Entscheidungsstichwort (Thema)

Zu den Voraussetzungen für die Anerkennung einer Covid-19 Infektion als Arbeitsunfall

 

Tenor

1. Die Klage wird abgewiesen.

2. Außergerichtliche Kosten sind nicht zu erstatten.

 

Tatbestand

Die Beteiligten streiten darüber, ob eine Infektion mit dem Corona-Virus SARS-CoV-2 (nachfolgend: Covid-19-Virus) als Arbeitsunfall anzuerkennen ist.

Der … geborene Kläger ist als Montierer in der Maschinenbau- und Betriebstechnik der M. AG beschäftigt. Am 13.10.2021 teilte die für den Kläger zuständige Krankenkasse AOK B. der Beklagten mit, sie gehe davon aus, dass der Kläger wegen den Folgen eines Arbeitsunfalles erkrankt sei; der Unfalltag sei der 13.10.2020 gewesen, der Kläger sei an diesem Tag an Covid-19 erkrankt. Die Infektion sei während der Arbeit erfolgt. Vom 8.3.2021 bis 4.10.2021 habe der Kläger Krankengeld bezogen. Die Annahme beruhte auf den Angaben des Klägers, der gegenüber der AOK in einem Fragebogen am 7.10.2021 erklärte, er habe auf der Arbeit Kontakt zu einer Indexperson gehabt; innerhalb des Betriebes habe es nachweislich eine größere Anzahl von an Covid-19 erkrankten Personen gegeben.

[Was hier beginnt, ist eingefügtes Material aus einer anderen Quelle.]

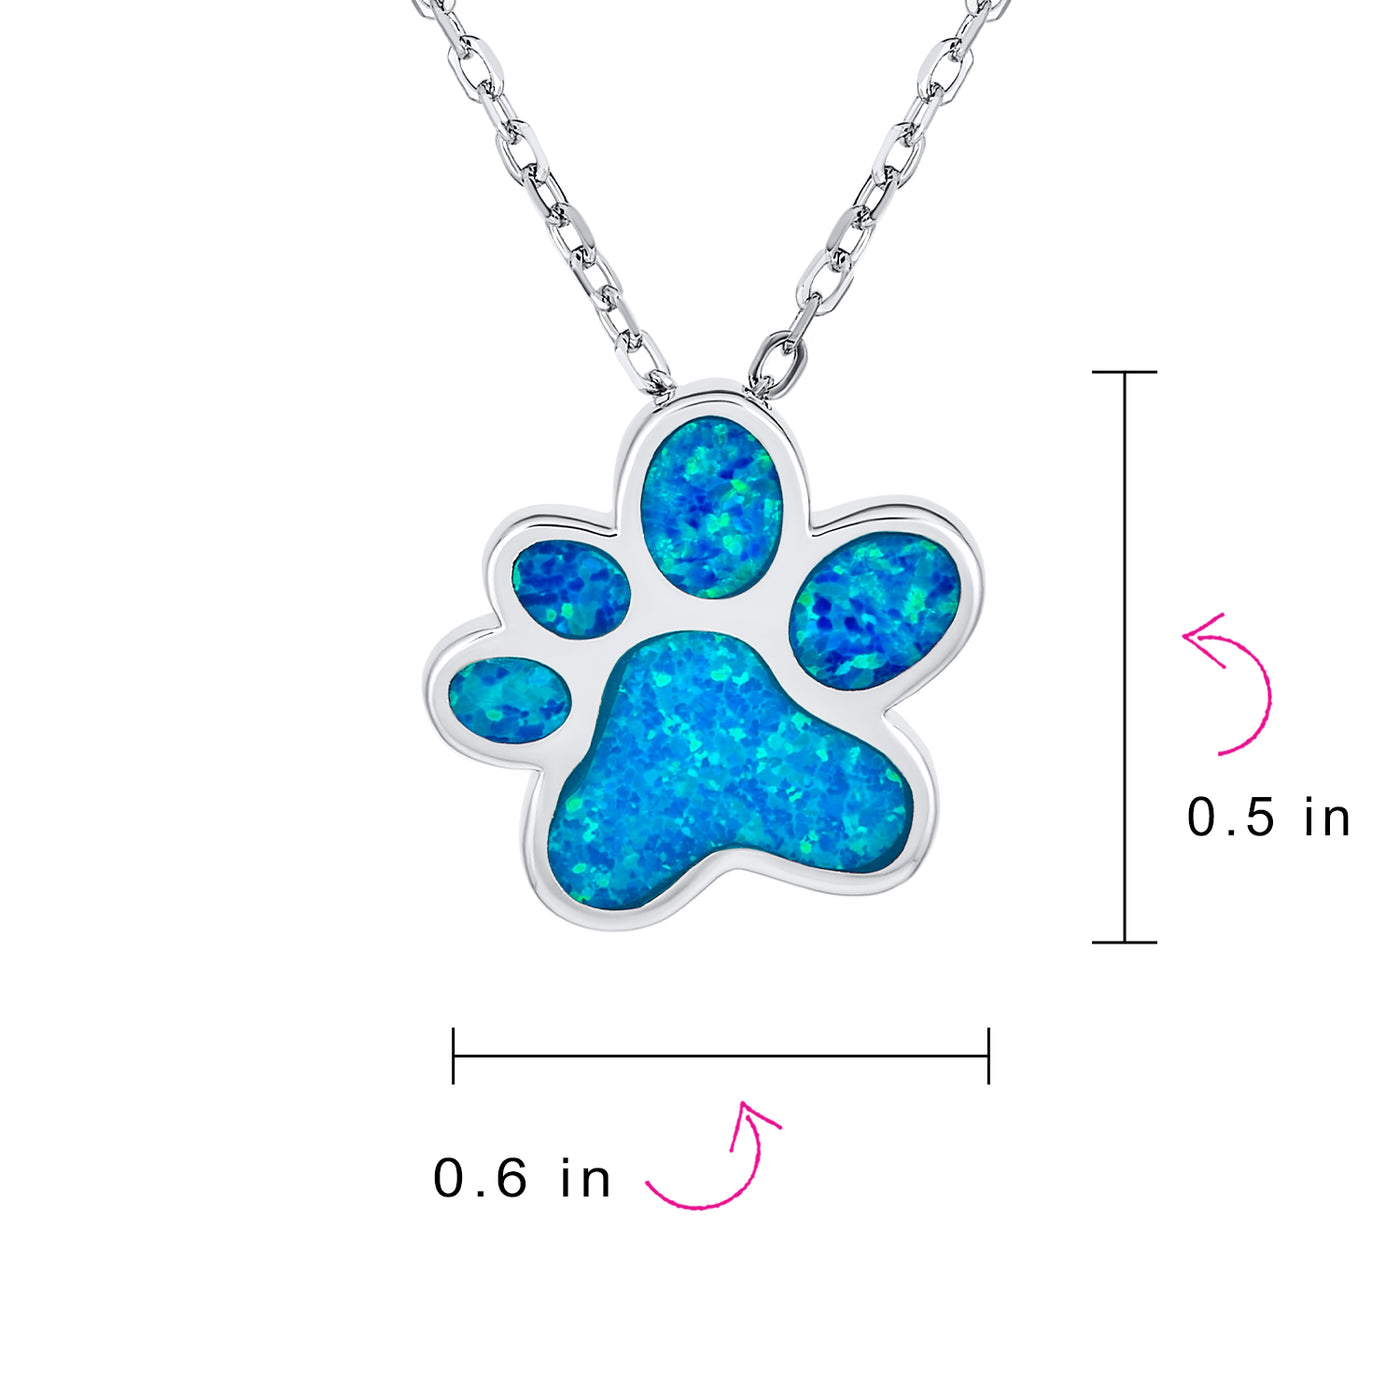 BFF Pet Dog Cat Paw Print Blue Opal Pendant Necklace .925 Silver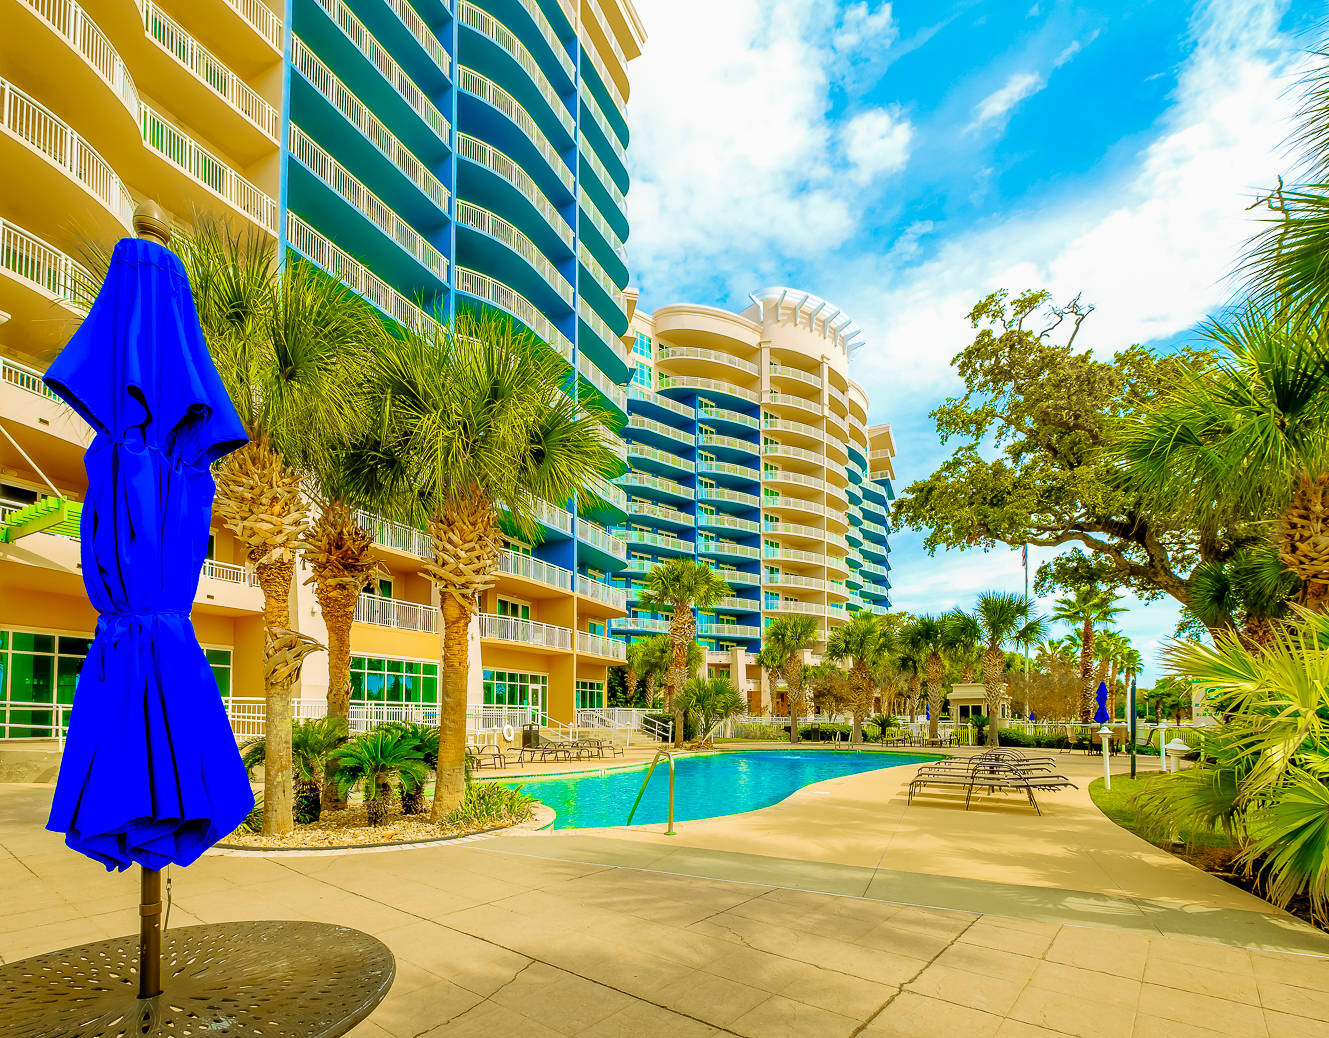 Gulfport Vacation Rental

Auf Nachfrage der Beklagten gab der Kläger sodann weiter an, er sei am 8.3.2021 durch seinen Hausarzt Dr. S. positiv auf das Corona-Virus getestet worden. Krankheitssymptome seien erstmals jedoch bereits am 5.3.2021 aufgetreten. Auf Nachfrage der Beklagten teilte die M. AG mit, in der Abteilung, in welcher der Kläger gearbeitet habe, sei ein Corona-Ausbruch bekannt. Hiervon seien zwei Mitarbeiter betroffen. Ob sich der Kläger in der Firma infiziert habe, sei nicht sicher, es sei an den Zeugen O. als Indexperson zu denken. In der Unfallanzeige vom 22.2.2022 führte die M. AG weiter aus, der Kläger habe einen positiven Schnelltest bereits am 6.3.2021 gemacht, der PCR-Test sei dann am 8.3.2021 positiv ausgefallen. Näher sei das Unfalldatum nicht definierbar. Der Kläger hab in den Tagen zuvor mehrfach kurze „Smalltalks“ mit ihm bekannten Kollegen aus der Nachbarabteilung „QM“ gehalten.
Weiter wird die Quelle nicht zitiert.